No, bad analysis caused it. Graphs are at best secondary tools to interpret findings. You don't use graphs to draw conclusions.
But we do use plots to help identify problems in datasets, like all the time. Statistics 101
That's exploratory analysis. You don't use exploratory analysis as-is to draw conclusions. It guides you through your research but you do support it with other tools (statistical, logical). Science 101.
Reading the comments here hilarious.
Like others, expecting a wildy different article...

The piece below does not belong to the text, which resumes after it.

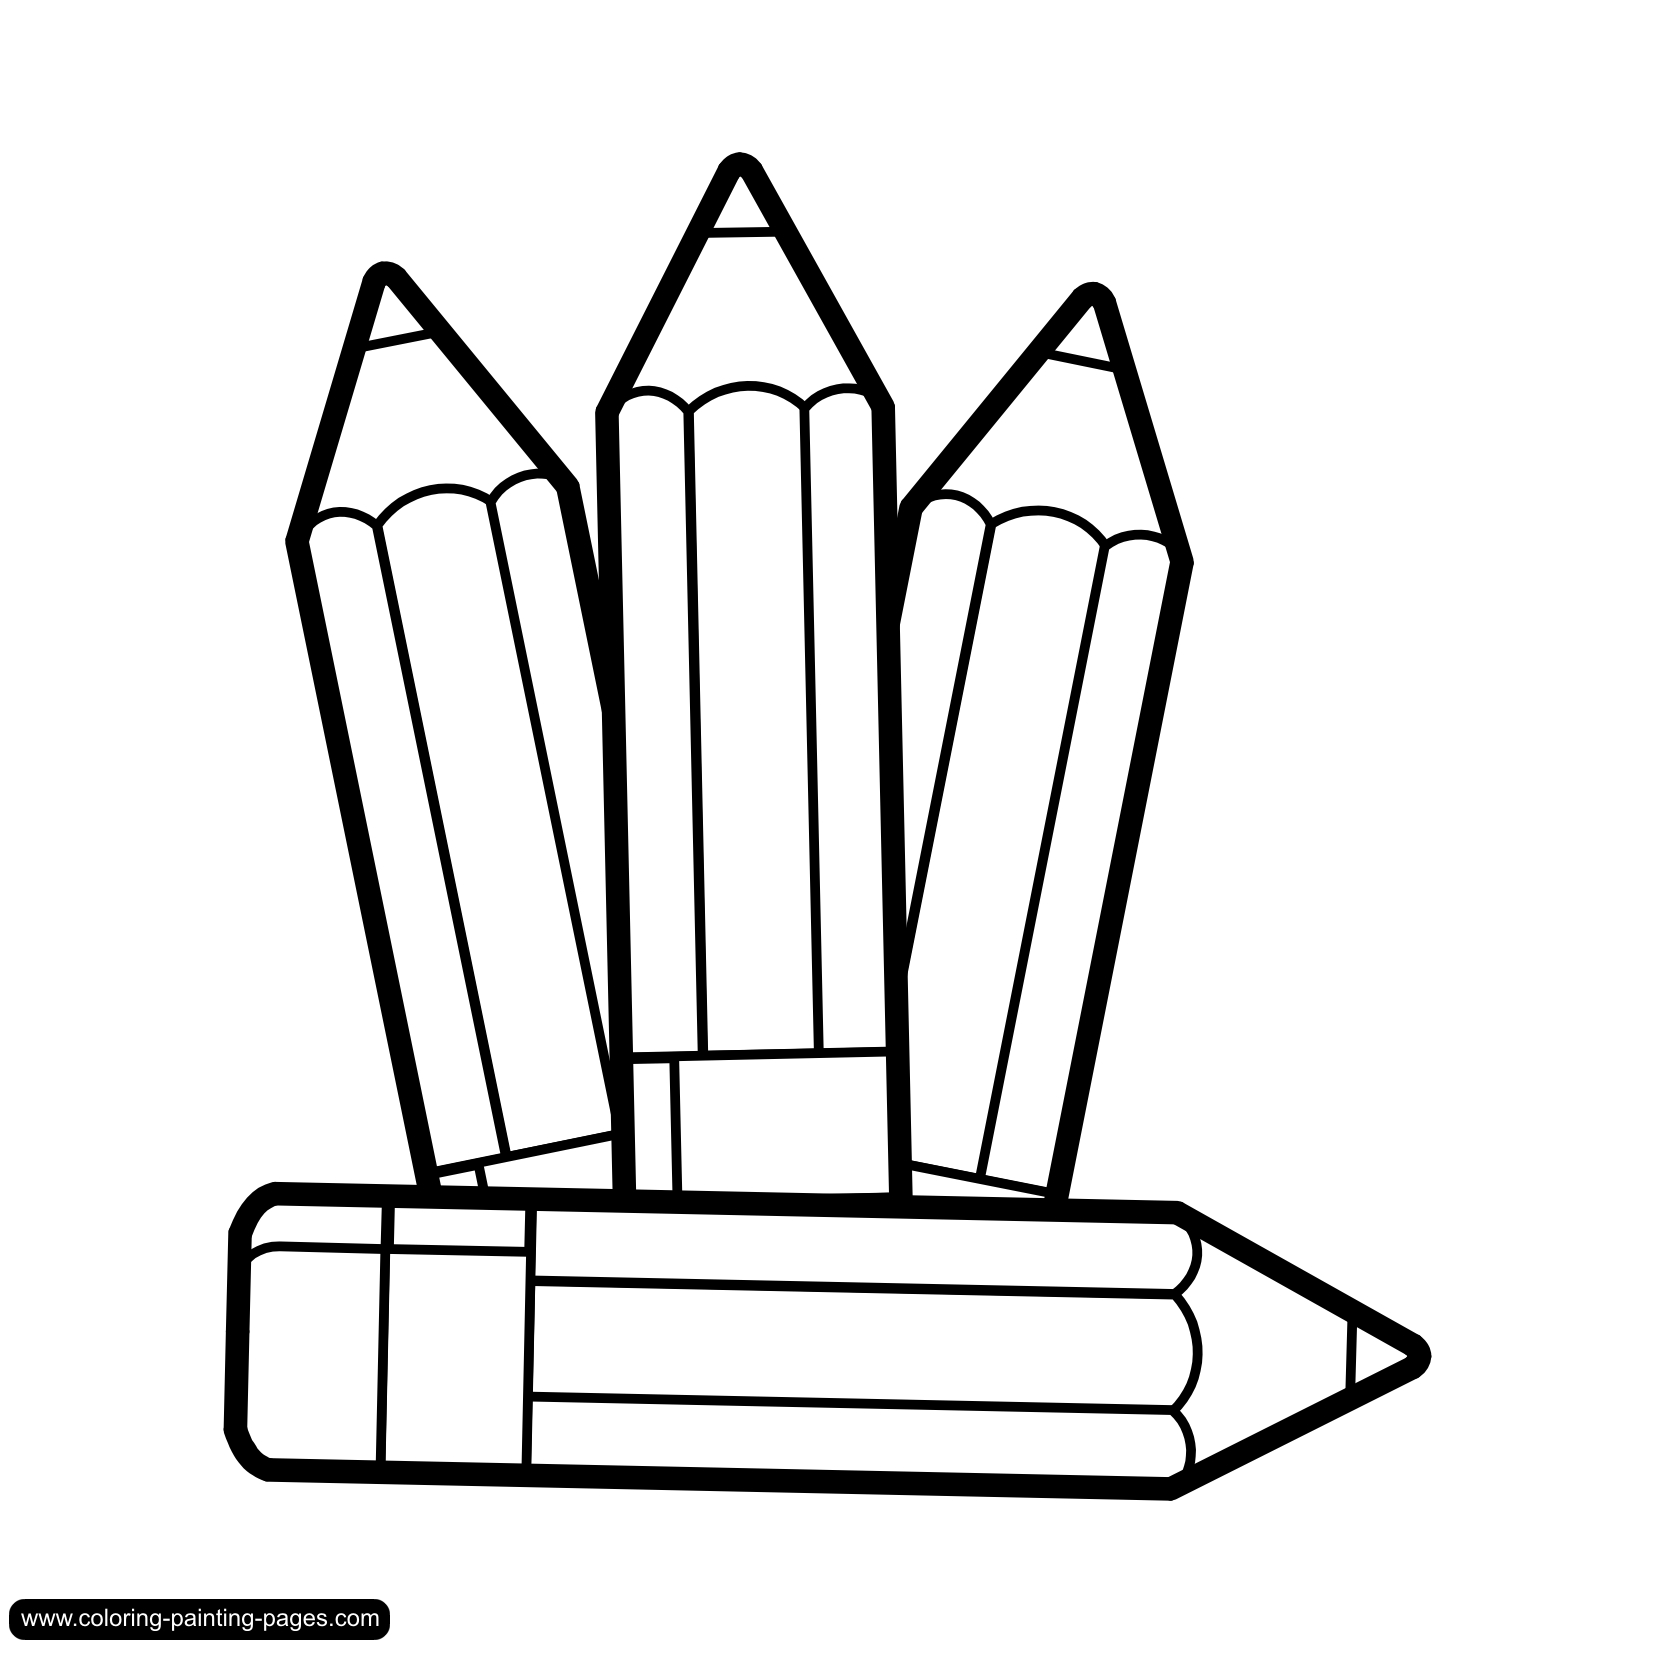 Pencil black and white marker clipart black and white pencil

What were you expecting? I read that as "a bug in the Seaborn graphing library caused wrong conclusions" and don't understand what other interpretations there are.
I'd never heard of the Seaborn library. And since Seaborn is the first word of the title, I assumed it was capitalized for that reason only.
So I thought the article would be about some ocean-faring insect or microbe that somehow affected scientists' mental acuity.
This is what I was expecting. And the title of this HN article is not the same as the title of the linked Arxiv report.
Ailment transmitted at sea has somehow made science less impactful.
Ahhh, "sea-borne bug", that makes sense, thanks!
alternatively seaborn as in where this insect was born. but an even weirder statement
I have never heard of the Seaborn graphing library; I was curious as to how a marine virus or bacterium could cause a "finding of declining disruptiveness". maybe a similar mechanism to Toxoplasma gondii?
Of course, it has nothing to do with rampant fraud, unreproducible results, incentive structures which reward the number of papers over the quality of papers, having researchers spend their prime scientific years writing grant proposals instead of actual research...
...nor does it have anything to do with tech companies hoarding cash by the trillions of dollars oversees instead of spending it on R&D, and even what R&D they internally produce they have no incentive to publish or productize, because virtually no new business will be more profitable than the monopoly business they already have...
Seaborn??? Typo surely
Edit: Not mentioned in the abstract but it is in the main paper. Editorialised title.
This threw me also. I was expecting a really different article.
It's referring to the seaborn library (https://seaborn.pydata.org/), a Python library for data visualization (built on top of matplotlib).
The first word of an editorialised title, frowned upon here, and not mentioned in the abstract (which I did read)
It's a statistics software package:
> A bug in the seaborn 0.11.2 plotting software [3], used by Park et al. [1], silently drops the largest data points in the histograms.